Origine et diagnostic
Le corps humain est constitué des milliards de cellules, et pourtant le cancer peut apparaître à partir d’une seule cellule. La transformation d’une cellule normale en cellule cancéreuse entraîne rapidement une prolifération excessive. Cela arrive avec la multiplication incontrôlée de cellules normales de l’organisme (dégénérescence cellulaire), qui échappent aux mécanismes normaux de différenciation et de régulation de leur multiplication, due à des mutations génétiques (acide désoxyribonucléique (ADN) endommagé). Ces modifications proviennent des interactions entre les facteurs génétiques propres au sujet et des agents extérieurs (l’alimentation, les radiations ionisantes, l’amiante, la fumée du tabac, le radon, l’arsenic, etc.). Le cancer du poumon est particulièrement menaçant, car il est plus apte à se propager dans le reste du corps. En effet, avec l’oxygénation du sang qui passe par les poumons, les cellules cancéreuses peuvent migrer dans les vaisseaux sanguins et coloniser différentes régions du corps.

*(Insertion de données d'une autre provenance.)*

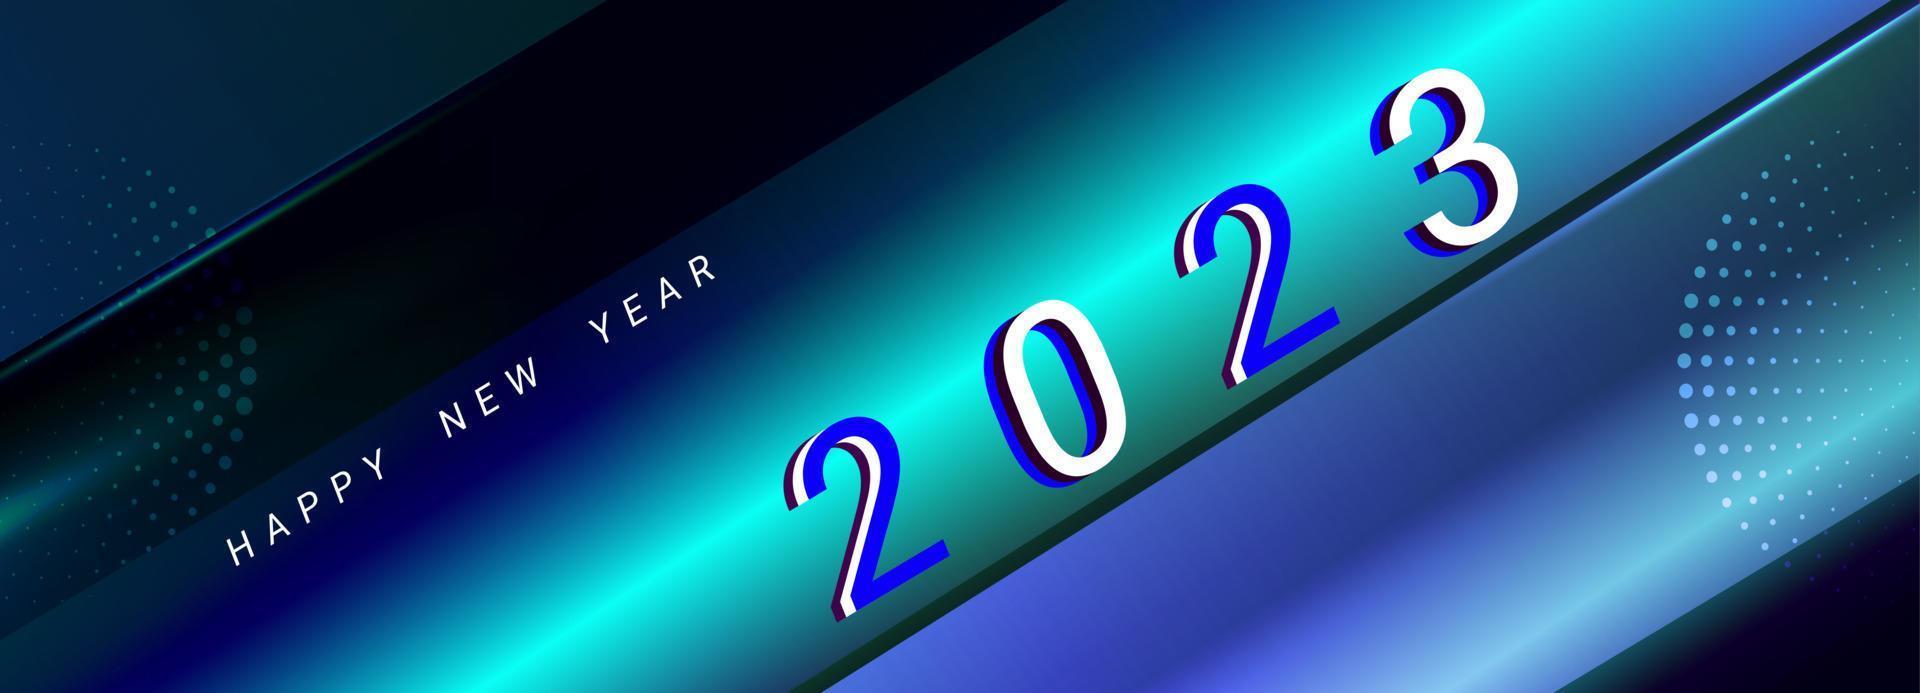 Hintergrund 2023 Neujahr Vektor Illustration Design

Nous pouvons distinguer deux types de cancer du poumon, en fonction de sa propagation dans le corps :
1) Le cancer bronchique à petites cellules (CBPC) qui représente 20% des cas de cancers du poumon, avec une prolifération très rapide,
2) Le cancer bronchique non à petites cellules (CBNPC) qui représente environ 80% de cas, se développe plus lentement (l’adénocarcinome, le carcinome épidermoïde et le carcinome à grandes cellules indifférenciées).

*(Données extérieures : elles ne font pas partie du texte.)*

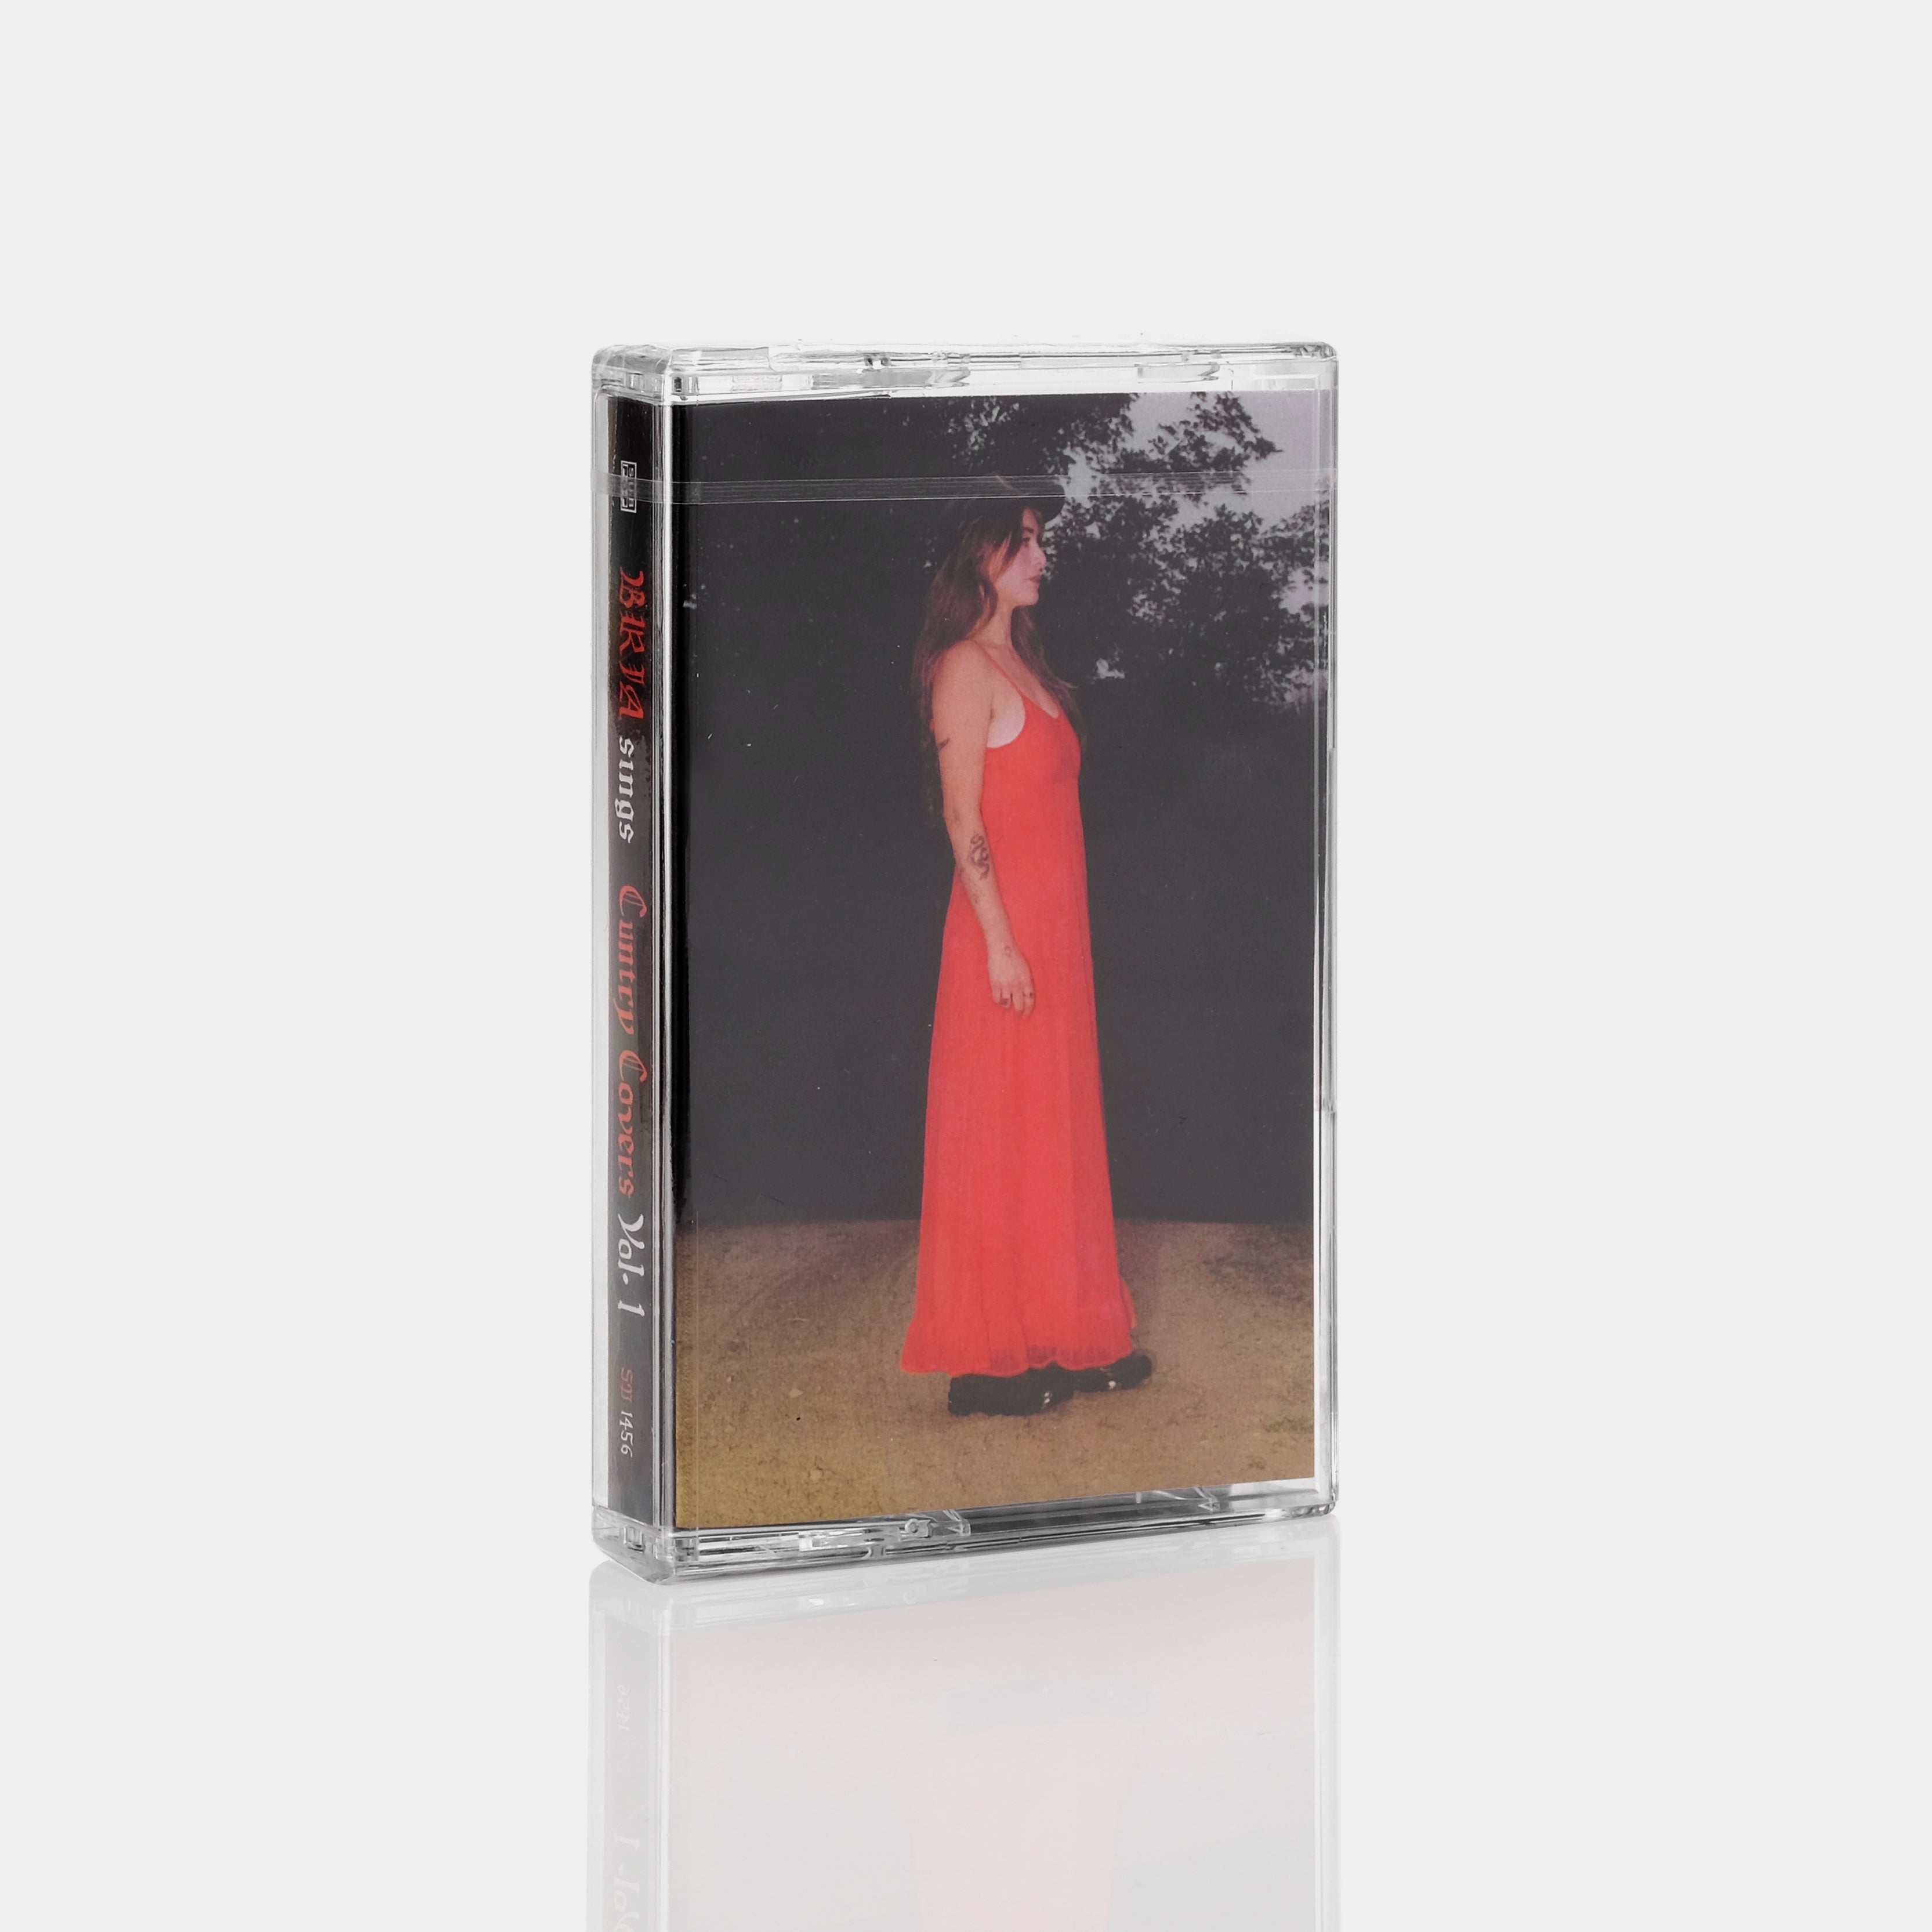 Bria - Cuntry Covers Vol. 1 Cassette Tape

En général, le diagnostic des cancers pulmonaires est fait généralement à l’aide de radiographies thoraciques. En cas de radiographie anormale (ou de radiographie non significative de la pathologie suspectée par des examens biologiques), une bronchoscopie ou un scanner (tomodensitométrie – TDM ou tomographie par émission de positons – TEP) peuvent donner l’information nécessaire. La bronchoscopie ou la biopsie guidée par scanner sont également utilisées pour identifier le type de tumeur.
Les types de traitement
Le choix du traitement des cancers pulmonaires dépend du stade (degré et dissémination) de la maladie, de la localisation de la tumeur et de l’état général de la santé du patient. Plusieurs approches de traitement entre chirurgie, chimiothérapie et radiothérapie peuvent être combinées. La chirurgie est généralement réservée aux cancers de taille relativement limitée (seulement 25% des cas), mais son indication prend en compte de nombreux autres facteurs individuels. L’ablation des cellules cancéreuses par une intervention chirurgicale n’a de sens que si cette ablation conduit à retirer toutes les cellules cancéreuses. En fonction du degré d’évolution du cancer, nous pouvons distinguer une résection en coin (Figure 1(a)), une segmentectomie – un segment du lobe pulmonaire enlevé (Figure 1(b)), une lobectomie – un lobes enlevé (Figure 1(c)), ou une pneumectomie, lorsque le poumon entier est enlevé (Figure 1(d)).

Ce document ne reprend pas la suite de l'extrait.